Maryland baseball left fielder Marty Costes was hitless in his past 18 attempts, but when right-hander Sam Messina’s pitch grazed the junior’s arm to lead off the third inning, his aggressiveness on the bases helped jumpstart a sputtering Terps offense.

Costes nabbed second on the first pitch after his free pass, and he swiped third during the same at-bat before second baseman Nick Dunn drove him in with a double. That sequence uncorked enough of the high-powered offense the Terps displayed against Tennessee last weekend to capitalize on a low-scoring Army side.

After Maryland squandered solid starts from Taylor Bloom and Tyler Blohm with consecutive four-hit outings on Friday and Saturday, the Terps’ patient approach at the plate, resulting in eight walks, secured its 6-3 victory Sunday and avoided a series sweep to Army.

“We kind of throw traditional baseball rules out the window and even if we’re down, I think part of what makes us good is forcing pressure,” coach Rob Vaughn said. “The fact that [Costes] was able to embody that, I mean, stealing second, stealing third, getting there and being aggressive, really sets the tone for the rest of the week.”

Dunn supplied two of Maryland’s six hits, and right fielder Randy Bednar powered his first collegiate home run in the seventh.

Maryland couldn’t crack starters Tyler Giovinco and Matt Ball on Friday or Saturday. In Army’s season-opening series against Michigan in mid-February, the right-handers lasted for a combined 8 1/3 innings, allowing seven runs.

In the Black Knights’ win Friday, Giovinco surrendered two runs in 6 1/3 innings, while Ball pitched 7 2/3 scoreless frames Saturday.

“The first two days we were almost a little too aggressive,” first baseman Kevin Biondic said. “We were still as aggressive [Sunday], but we got more, or better, pitches to look for.”

Messina was also roughed up in 3 1/3 innings facing the Wolverines, but the Terps’ early aggression failed to take advantage of Messina’s erratic pitching.

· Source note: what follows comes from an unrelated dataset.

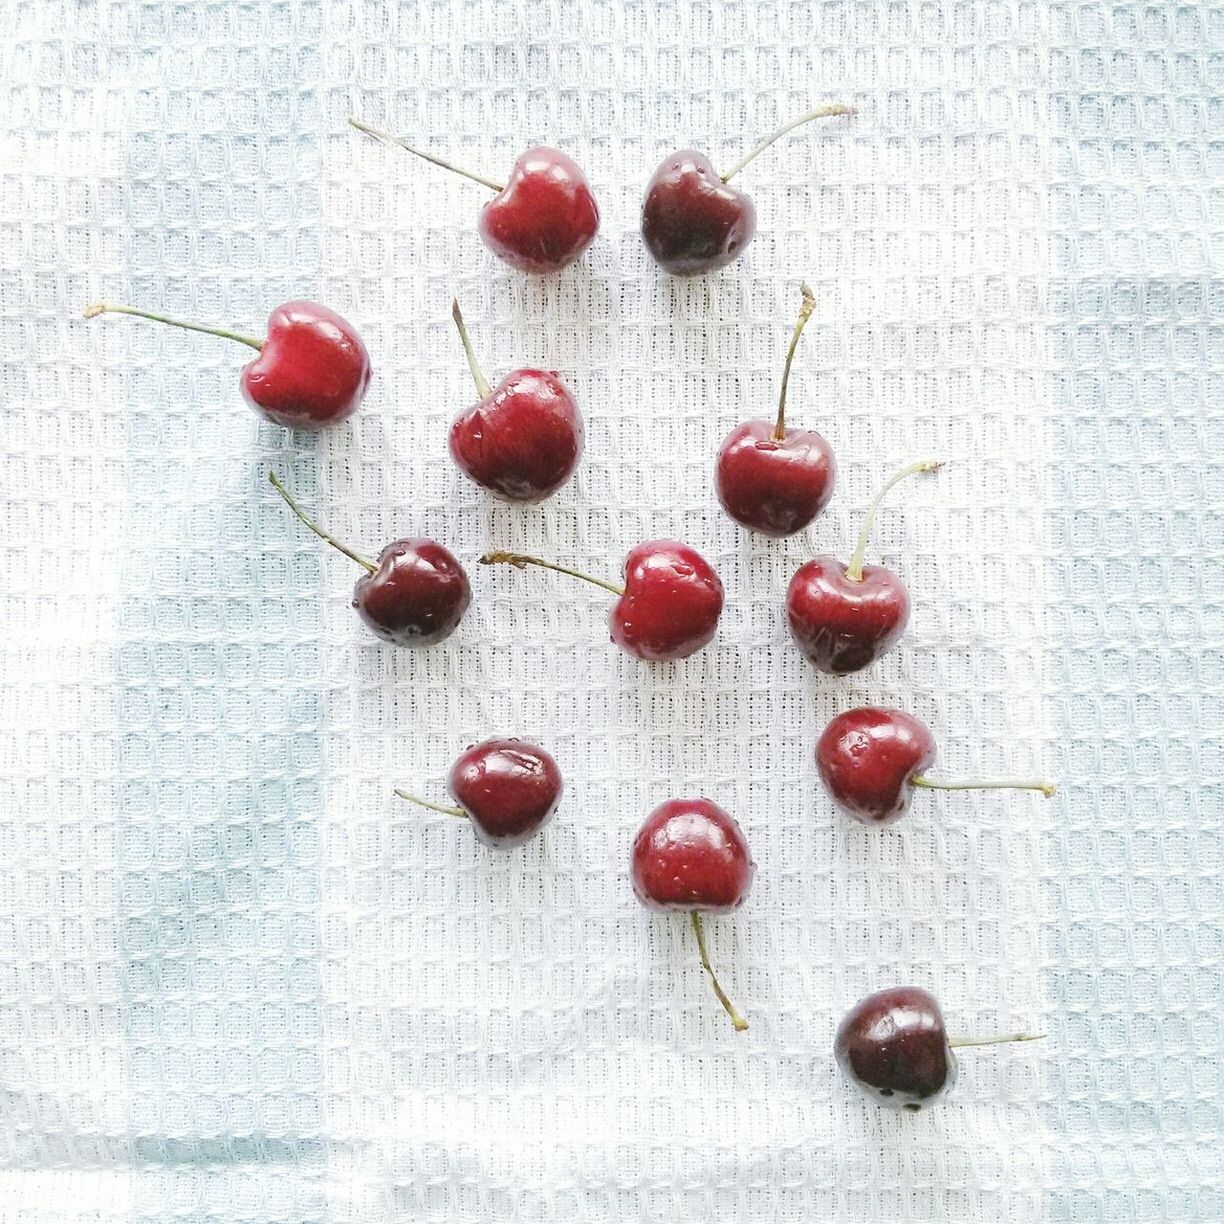 Overhead view of cherries on table
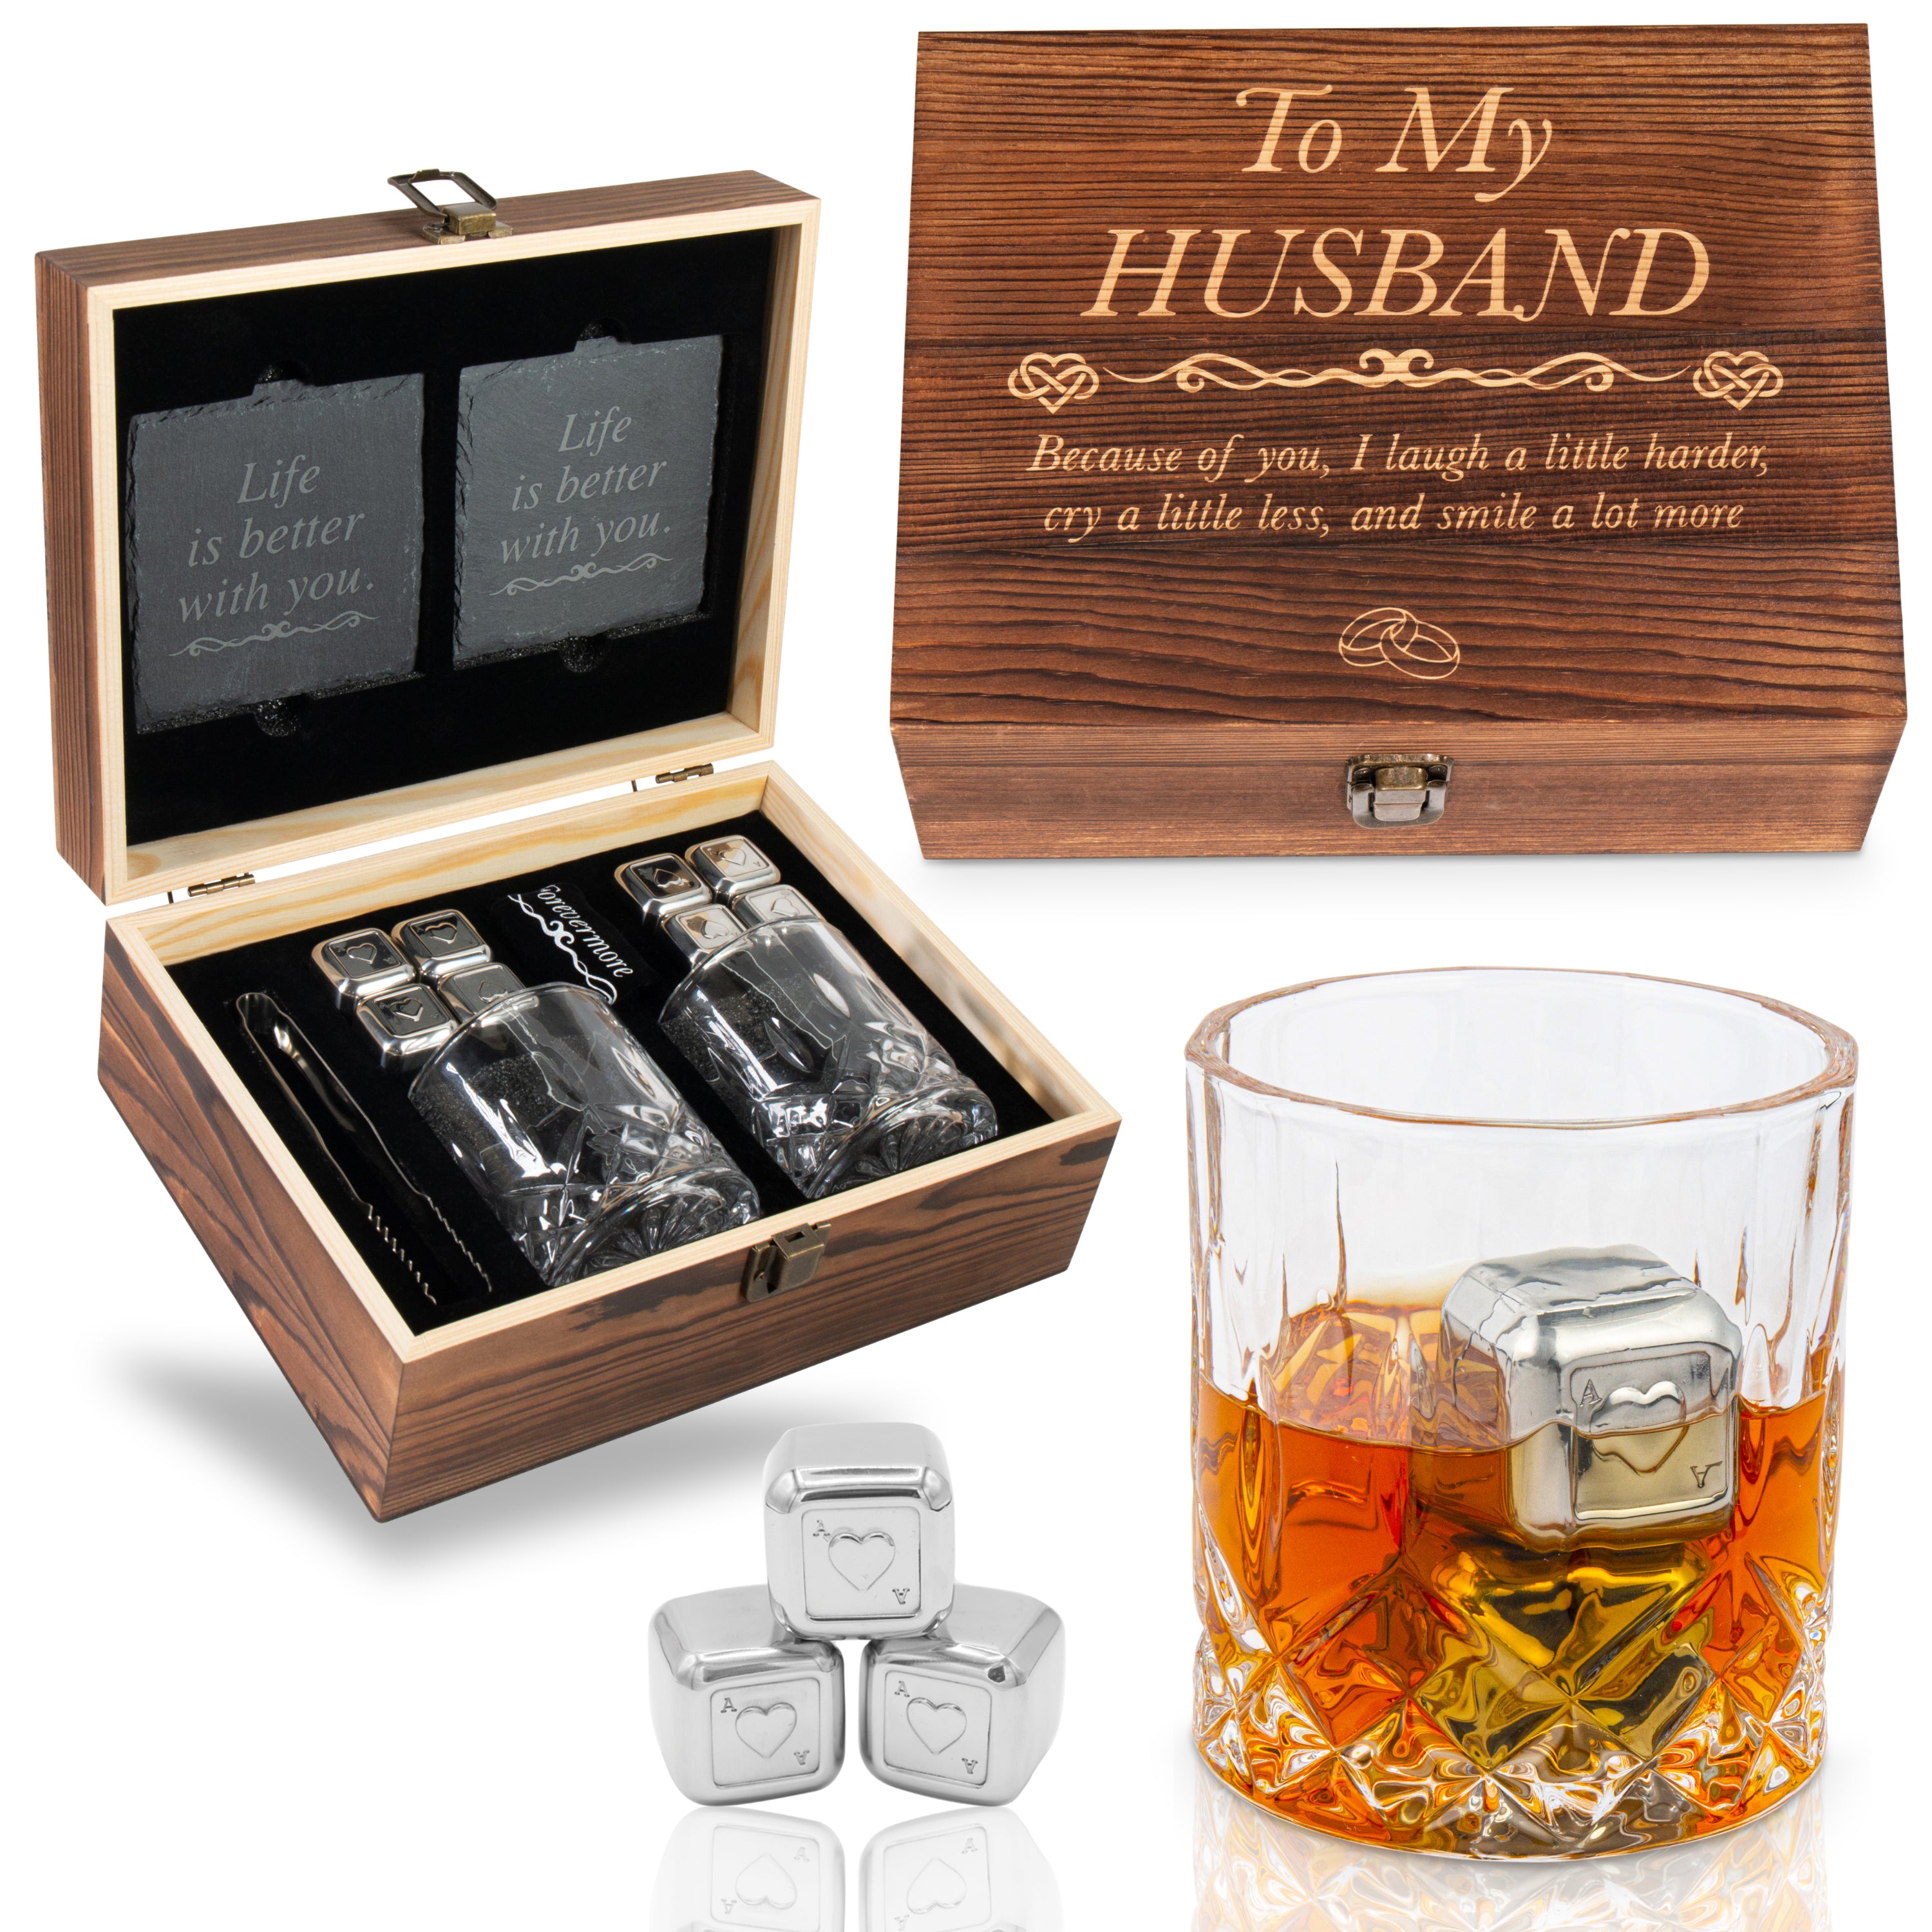 The Perfect Gift For Your Husband-  "To My Husband" Whisky Glass Gift Set

When Costes was hit in the third, it marked the end of Messina’s command. The junior right-hander’s wild pitch plated Dunn from third later in the frame, and he hit three more batters during his 4 2/3 innings.

“[Hitting coach Matt] Swope and Vaughn,” Bednar said, “they always preach, ‘Pass it on to the next guy.'”

Biondic tripled to lead off the fourth and later scored on a groundout. Maryland took a 4-3 lead after Messina (0-2, 9.00 ERA) walked in a run on loaded bases.

Bednar then launched a home run to left field to give the Terps a two-run lead before walking in another run in the eighth, setting up right-hander John Murphy’s six-out save.

After right-hander Hunter Parsons (0-1, 14.14 ERA) was shelled in his season debut against Tennessee, allowing eight runs in one inning, he rebounded with a solid relief appearance in the Terps’ loss to William & Mary on Wednesday and retired Army in order in the first Sunday.

Two relievers sprinted from Maryland’s dugout to warm up in the second as Army center fielder Jacob Hurtubise hit a two-RBI single to lace Parsons’ promising start with doubt. But despite allowing three runs, Parsons completed 4 2/3 innings, surrendering three hits and five walks in his no decision. Maryland’s bullpen closed the door in the series finale.

“He gave us a chance to win today,” Biondic said. “Maybe it wasn’t his best inning, that second inning, but he came back the rest just dominant.”